### Task objective
The answer must be an exact copy of the records, with every picture removed.

(Source records)
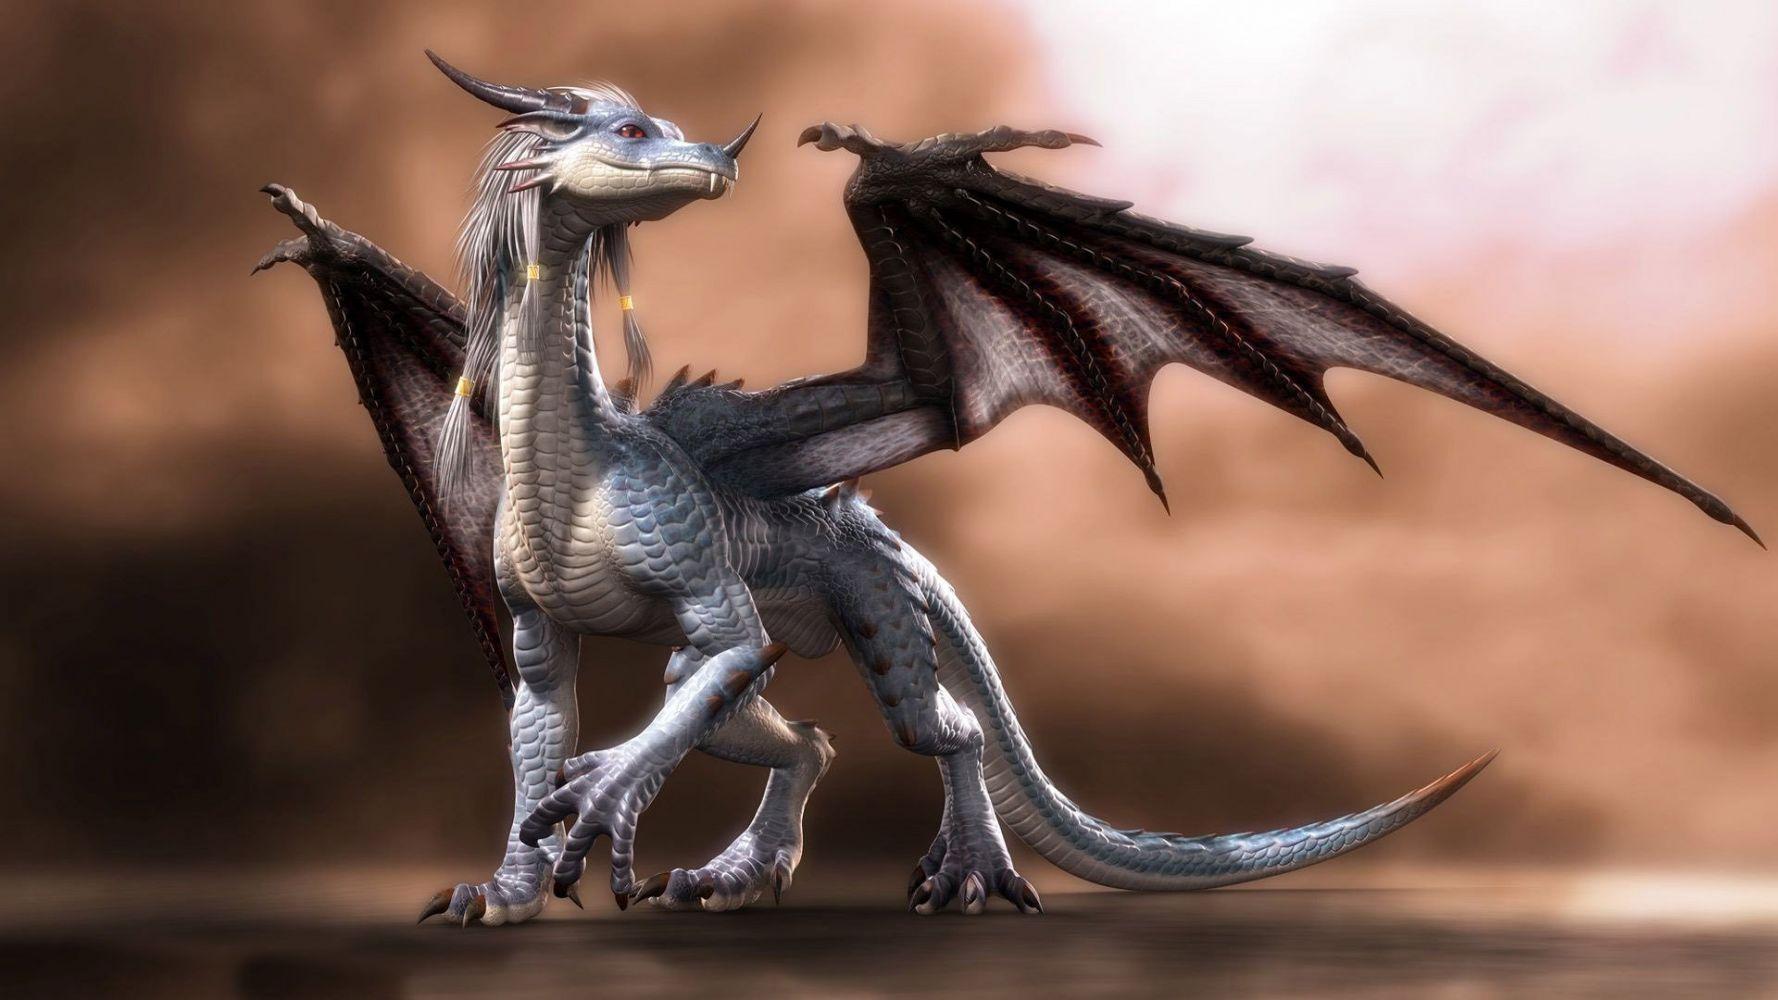 Смотреть фото на рабочий стол мистические драконы
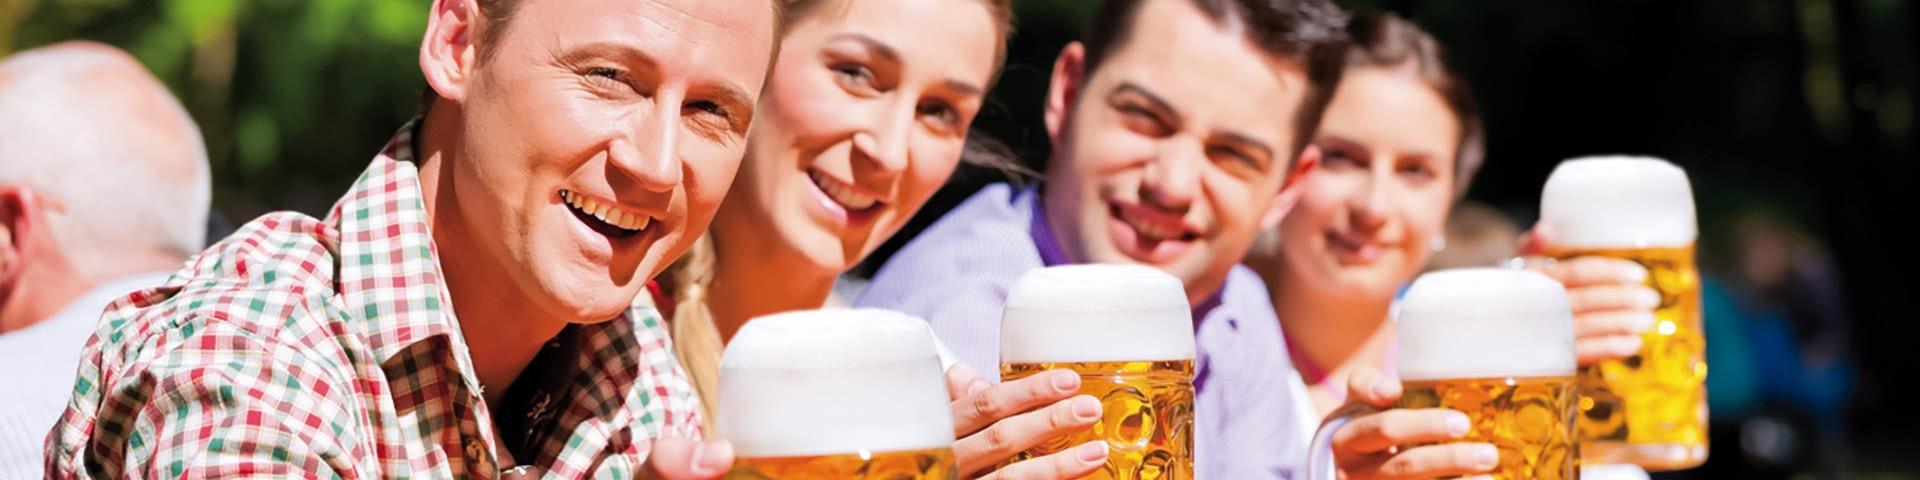 Gruppe sitzt in einem Bergarten in Kulmbach und trinkt BIer
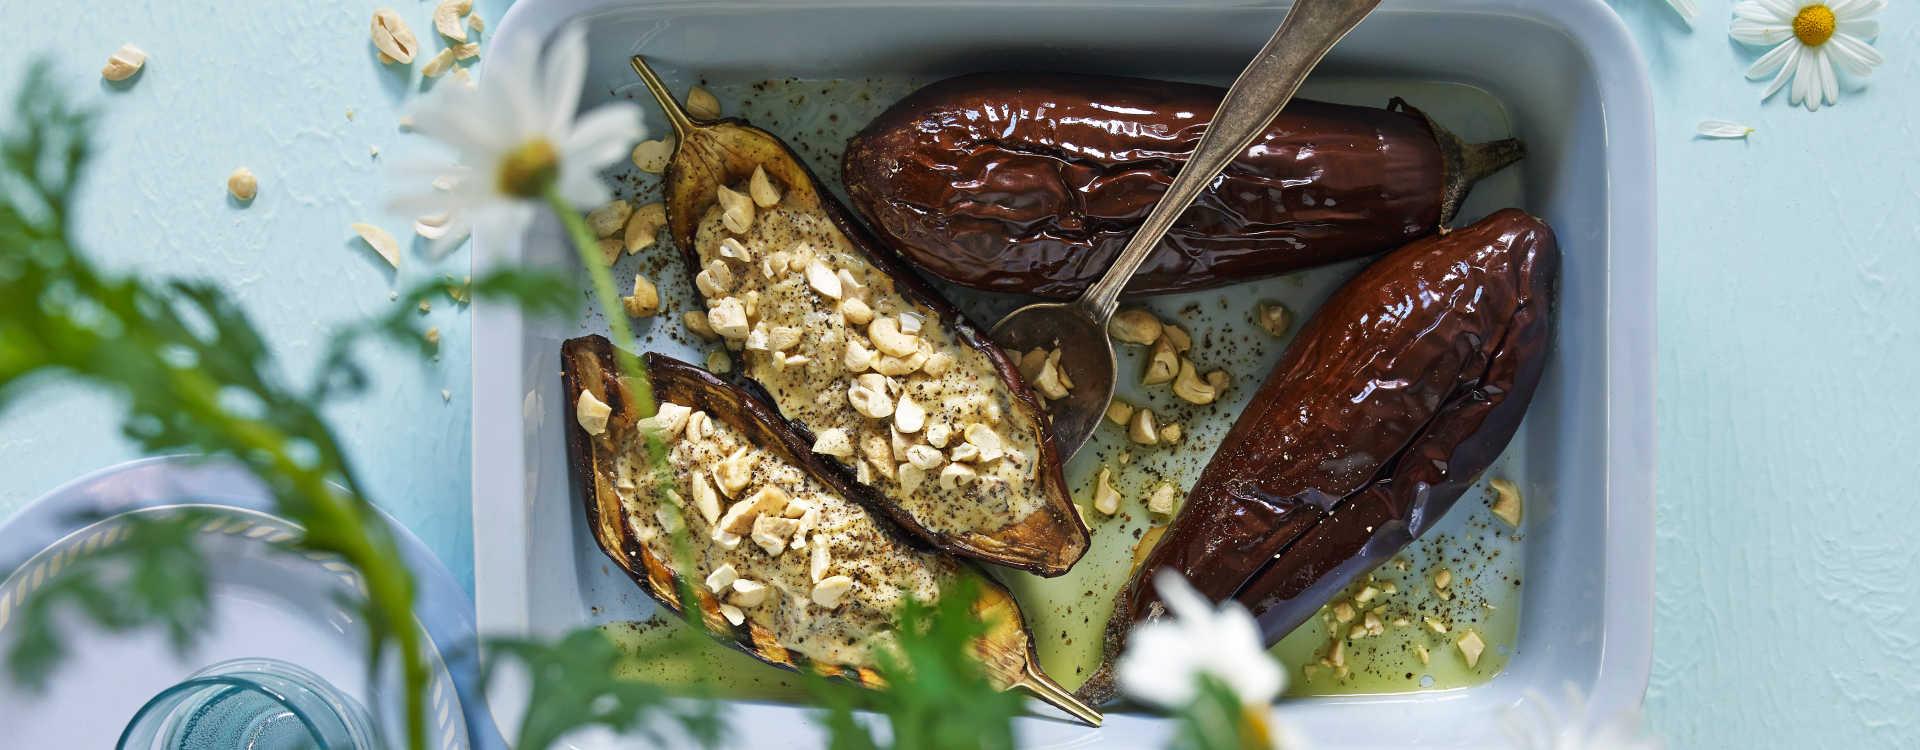 Grillet hel aubergine med honning og cashewnøtter
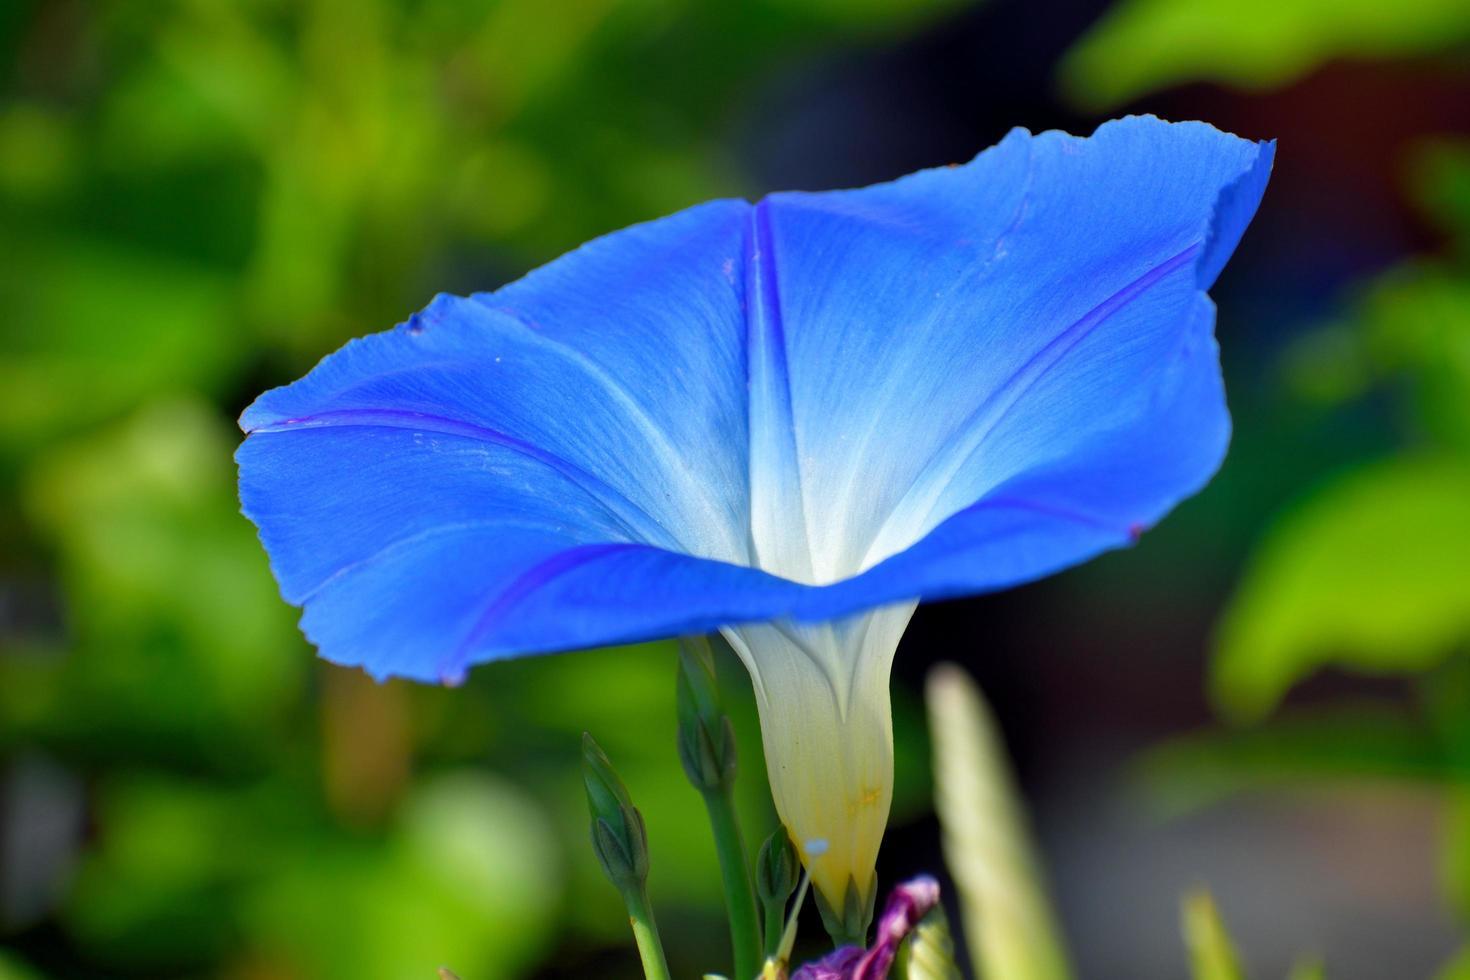 flor azul vibrante foto
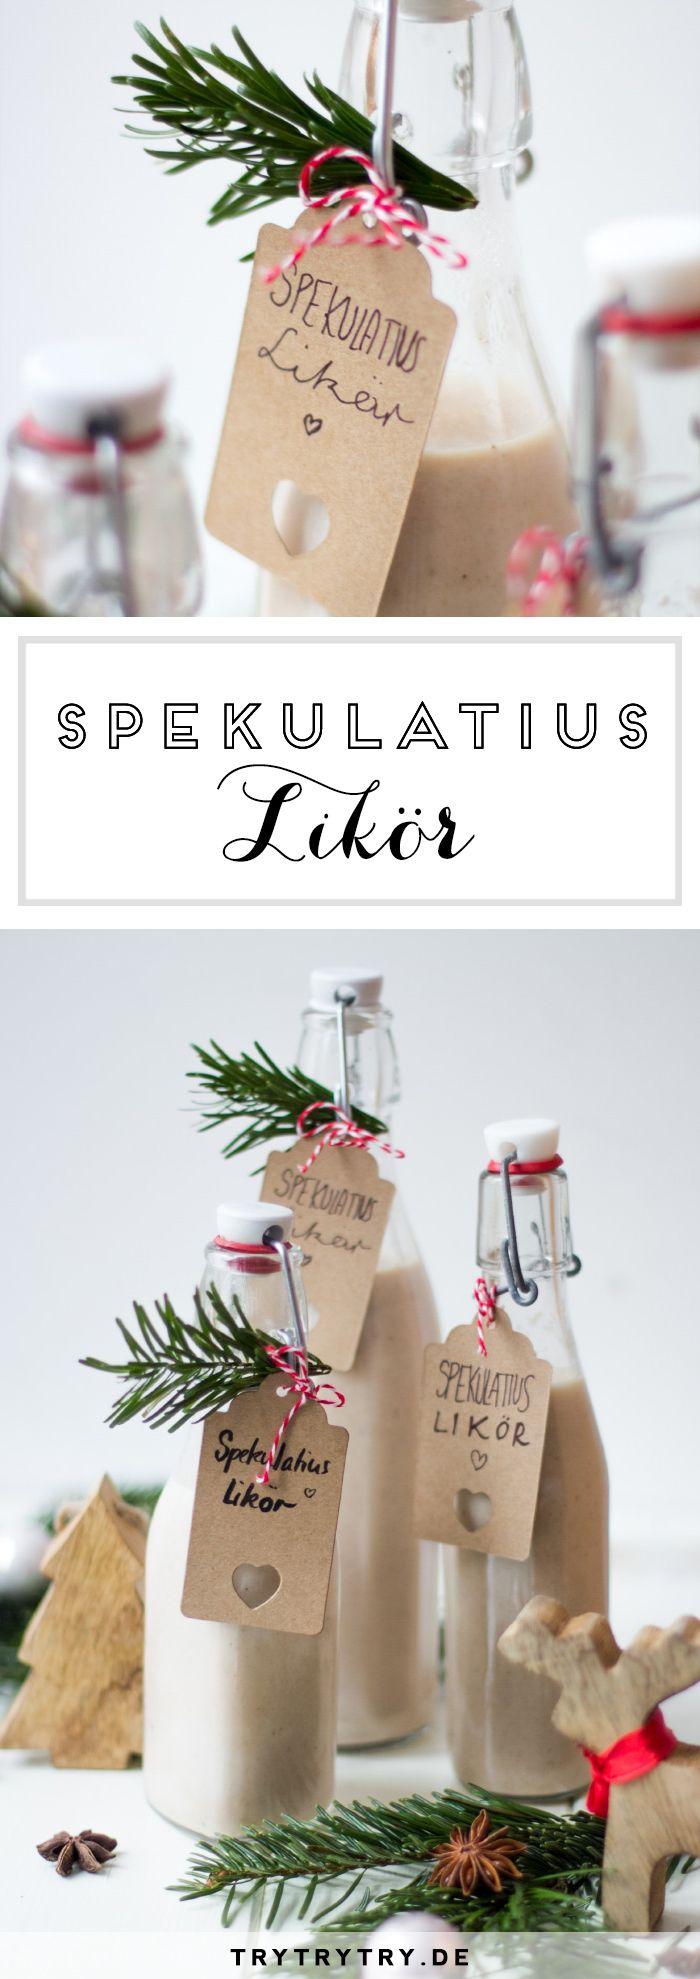 Ein köstliches Weihnachtsgeschenk: Spekulatius Likör

### Answer to the problem
 Смотреть фото на рабочий стол мистические драконы
 Gruppe sitzt in einem Bergarten in Kulmbach und trinkt BIer
 Grillet hel aubergine med honning og cashewnøtter
 flor azul vibrante foto
 Ein köstliches Weihnachtsgeschenk: Spekulatius Likör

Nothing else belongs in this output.